Como alguém pode marcar a nossa vida sem nunca ter nos dado uma aula
Há histórias que não escolhemos contar. Elas simplesmente amadurecem dentro de nós até que chega o momento em que precisam ser escritas.
Esta é uma delas.
Durante toda a minha infância ouvi minha mãe falar de um professor chamado Cid Guelli.
Ela havia sido sua aluna na antiga Escola Normal de Botucatu.
Não falava dele apenas como um excelente professor de Matemática. Falava com admiração. Com respeito. Com um brilho diferente nos olhos.
Ela contava que ele era apaixonado pelo que fazia.
Que entrava na sala de aula vestindo seu tradicional guarda-pó, sempre branco, já marcado pelo giz de tantas aulas. Enquanto explicava um raciocínio, era comum segurar o giz em uma mão e um cigarro na outra — um hábito muito presente naquela geração e que, infelizmente, anos depois contribuiria para interromper sua vida ainda aos 60 anos.

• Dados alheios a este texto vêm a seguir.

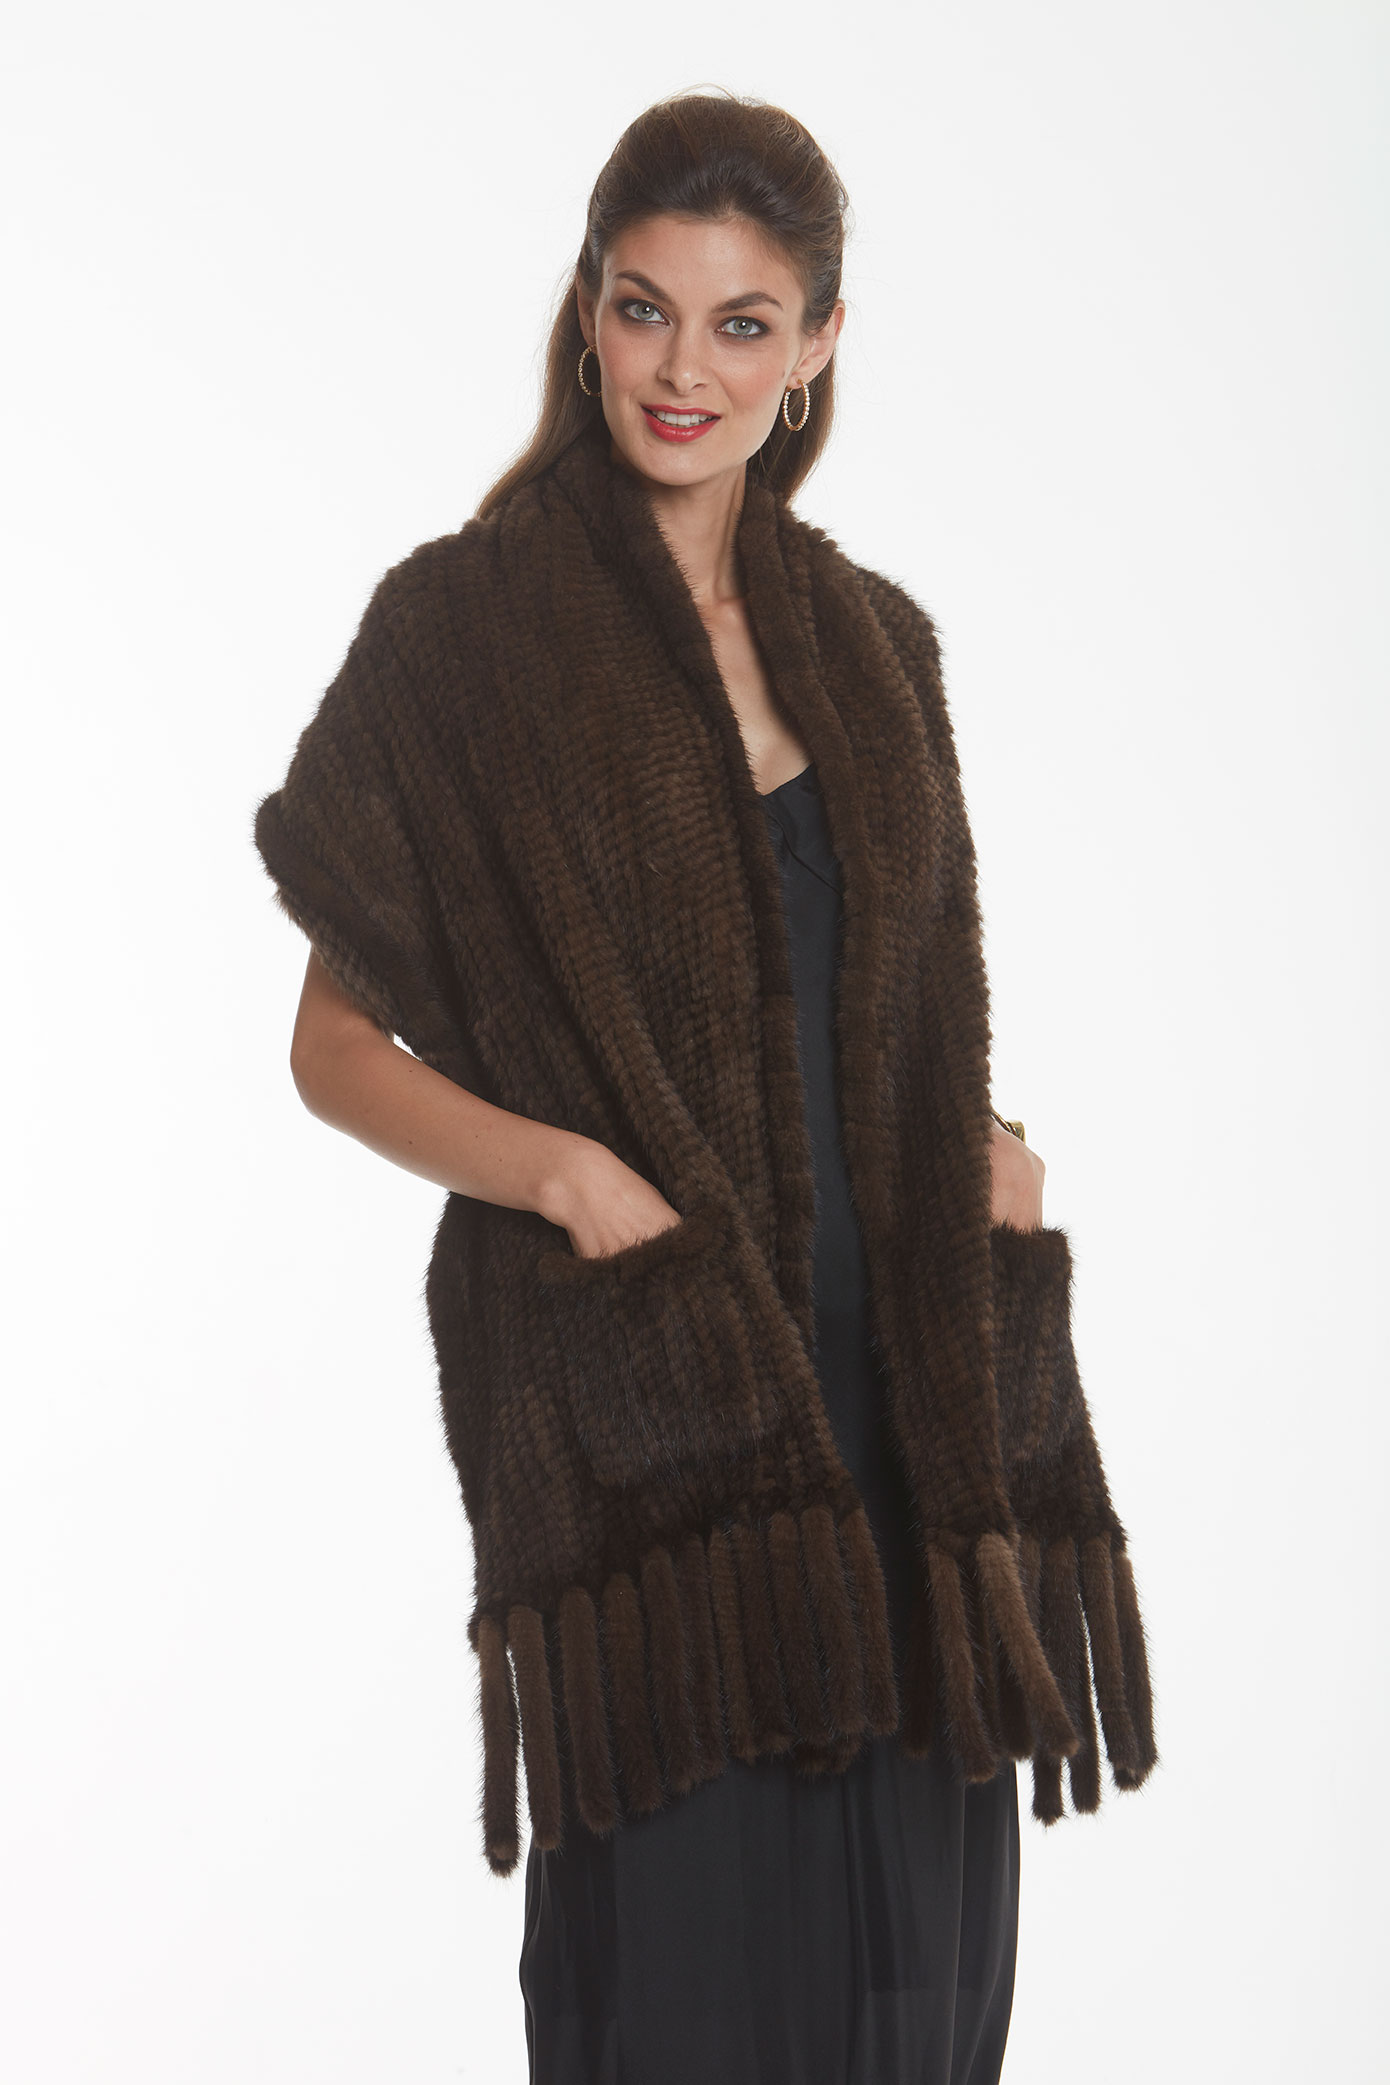 Mahogany Mink Wrap Shawl-Flirty Fringes – Madison Avenue Mall Furs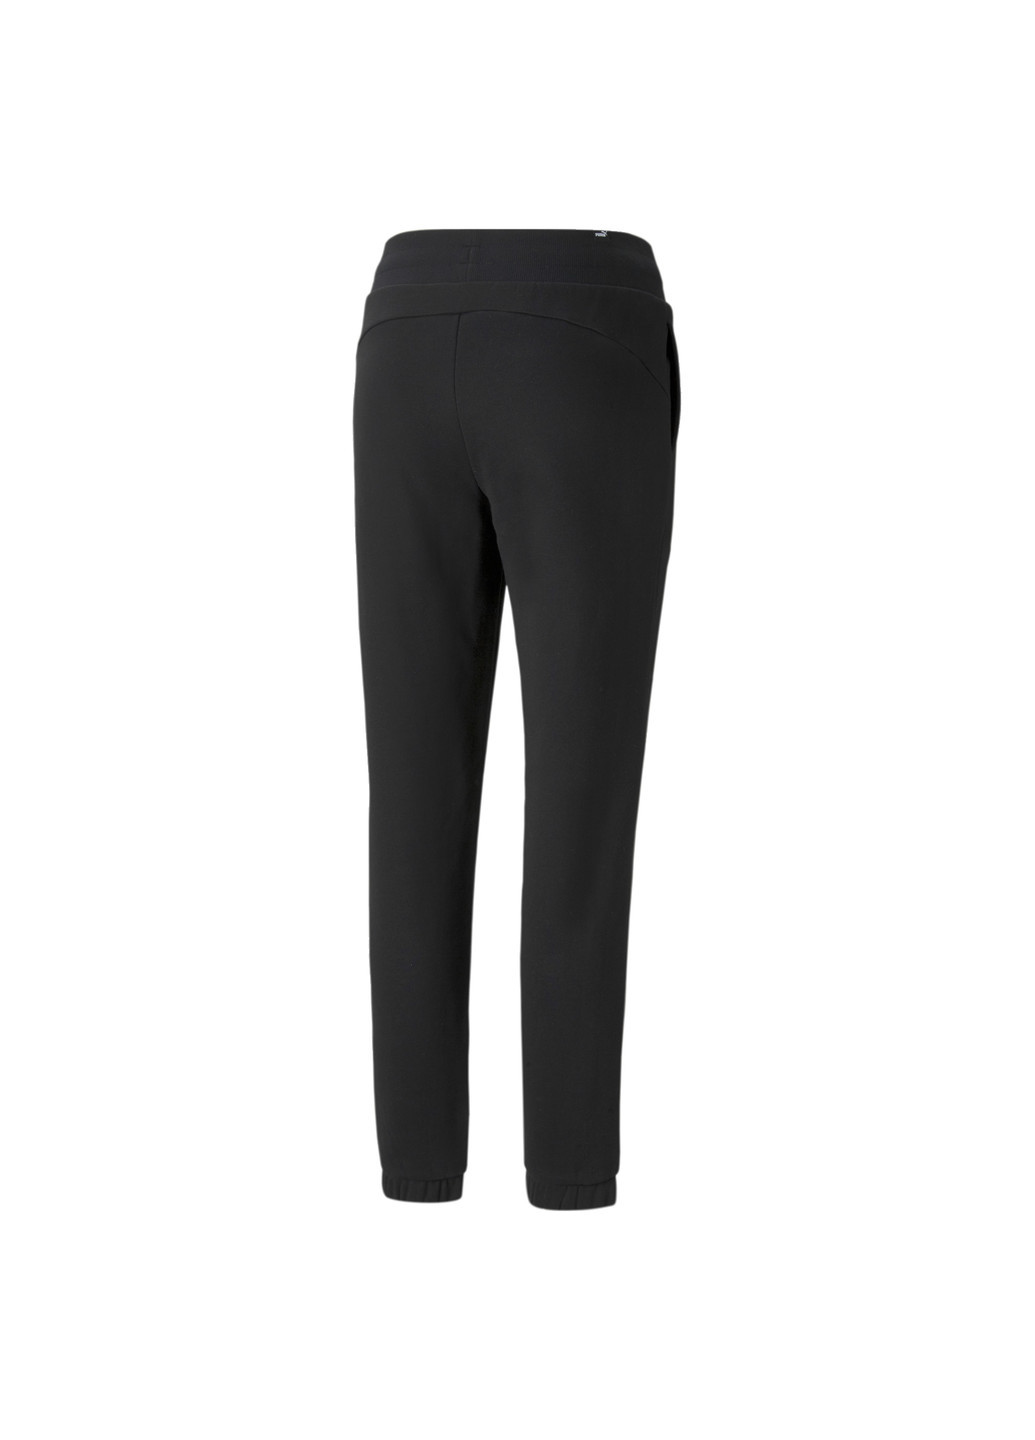 Черные демисезонные штаны essentials+ embroidered fleece women's pants Puma

Mas o que realmente permanecia na memória dos alunos não era o cigarro.
Era o entusiasmo.
Era a maneira como transformava a Matemática em uma aventura intelectual.
Minha mãe nunca se cansou de repetir uma história.
Cid Guelli acreditava que ela tinha talento para a Matemática.
Chegou a convidá-la para seguir seus estudos em São Paulo.
Por circunstâncias da vida, ela não pôde aceitar aquele convite.
Sempre que lembrava desse episódio havia um misto de orgulho e de saudade. Não de uma oportunidade perdida apenas, mas da lembrança de um professor que acreditou nela.
Anos depois, a vida me levou exatamente para São Paulo.
Fui fazer cursinho no Anglo.
Cid Guelli já não estava mais entre nós.
Eu nunca o conheci pessoalmente.
Mesmo assim, de certa forma, encontrei sua presença.
Seu nome ainda era lembrado nos corredores.
Sua história fazia parte da identidade do Anglo.
Percebia-se que existira ali um professor diferente.
Alguém cuja influência permanecia viva muito depois de sua partida.
Curiosamente, acabei me tornando um admirador de um homem que jamais conheci.
E isso me fez pensar.
Quantas pessoas conseguem continuar inspirando gerações depois de terem partido?
Muito poucas.
Recentemente resolvi pesquisar sua história.
Graças aos arquivos digitais, às bibliotecas, às teses acadêmicas, aos relatos de antigos alunos e até às modernas ferramentas de pesquisa por inteligência artificial, consegui reunir fragmentos de uma vida extraordinária.
Encontrei documentos.
Encontrei depoimentos.
Encontrei histórias.
Encontrei uma fotografia.
Talvez seja a única fotografia em que ele aparece dando aula.
Quando a vi, compreendi algo curioso.
Eu não estava apenas pesquisando um professor.
Estava resgatando uma parte da memória da minha própria família.
A lembrança que minha mãe preservou por toda a vida agora ganhava forma diante dos meus olhos.
Hoje entendo que um grande professor raramente deixa como legado apenas livros ou fórmulas.
Ele deixa pessoas.
Deixa escolhas.
Deixa profissões.
Deixa sonhos.
Talvez o maior patrimônio que um educador possa construir seja despertar em alguém a paixão pelo conhecimento.
O restante é consequência.
Por isso decidi escrever sobre Cid Guelli.
Não apenas para registrar sua biografia.
Mas para lembrar que homens assim existiram.
E continuam existindo.
Professores cuja maior obra não está escrita nas lousas, nem nas apostilas, nem nos livros.
Sua verdadeira obra vive dentro de milhares de alunos que aprenderam muito mais do que Matemática.
Aprenderam que conhecer é um ato de paixão.
E que um professor pode mudar silenciosamente o destino de uma vida.
Se hoje consigo contar esta história, devo isso não apenas às fontes históricas que encontrei, mas também à memória de minha mãe, que nunca deixou esse professor ser esquecido em nossa família.
Este texto é, antes de tudo, uma homenagem a ela.
E também um agradecimento ao professor Cid Guelli.
Mesmo sem nunca tê-lo conhecido, sinto que aprendi um pouco com ele. Talvez essa seja a maior prova de que um verdadeiro mestre continua ensinando muito depois de partir.